Climate Dyn. ,

Roles of shortwave radiation forcing on ENSO: A study with a Coupled Ocean-Atmosphere Model

Bin WANG
Department of Meteorology, School of Ocean and Earth Science and Technology, University of Hawaii

Z. Fang
Department of Meteorology, School of Ocean and Earth Science and Technology, University of Hawaii


This paper describes a coupled tropical ocean-atmosphere model which fills the gap between anomaly coupled models and fully coupled general circulation models. Both the atmosphere and ocean models are two and half layer primitive equation models which accentuate physical processes in oceanic mixed layer and atmospheric boundary layer, combining with essential dynamics for the thermocline and free atmosphere. The two media are coupled throguh both momentum and heat flux exchange without explicit flux correction. The model is capable of reproducing realistic features of both the climatological annual cycle and interannual variations (ENSO) in the tropical Pacific. The model allows interaction between the mean, annual cycle and ENSO. In the presence of annual mean shortwave radiation forcing, the model exhibits an intrinsic mode of interannual oscillation (ENSO). The oscillation period depends on the distribution of the mean shortwave radiation forcing. The annual cycle of the solar forcing is shown to fundamentally alter the behavior of ENSO cycles through establishing a coupled annual cycle.
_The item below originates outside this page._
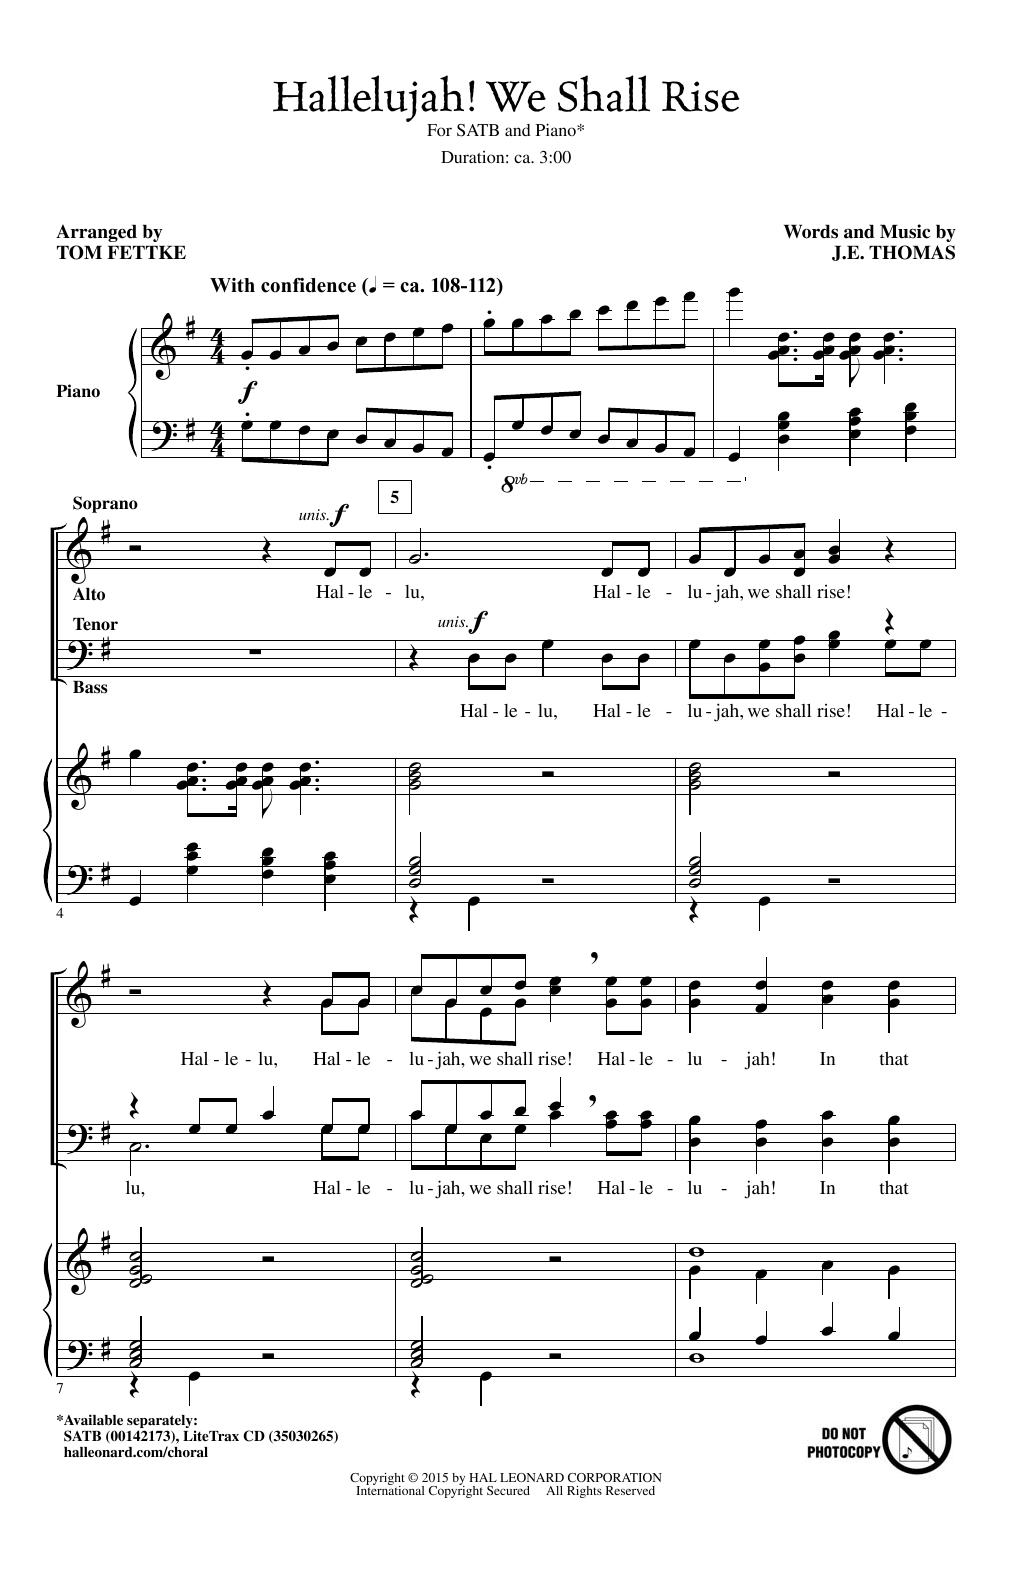 Grace Solo Amazing Tenor Music Sheet Sax

As a result of the interaction between the annual cycle and ENSO mode, the single spectral peak of the intrinsic ENSO mode (with a period of 2.8 years) becomes a double peak with a quasi-bienniel (2-years) and a low-frequency (4-5 years) component; the evolution of ENSO becomes phase-locked to the annual cycle; and the amplitude and frequency of ENSO cycles exhibit interdecadal modulation. The interdecadal variation in ENSO cycles results from the interaction between the mean state and the two components of the ENSO cycles. It is shown that the western Pacific monsoon (the annual forcing in the western Pacific) is primarily responsible for the generation of multi-time scales (the bienniel and low-frequency components). The annual march of the eastern Pacific ITCZ plays a role in locking the ENSO phase to the annual cycle. The model's deficiencies, limitations, and future works are also discussed.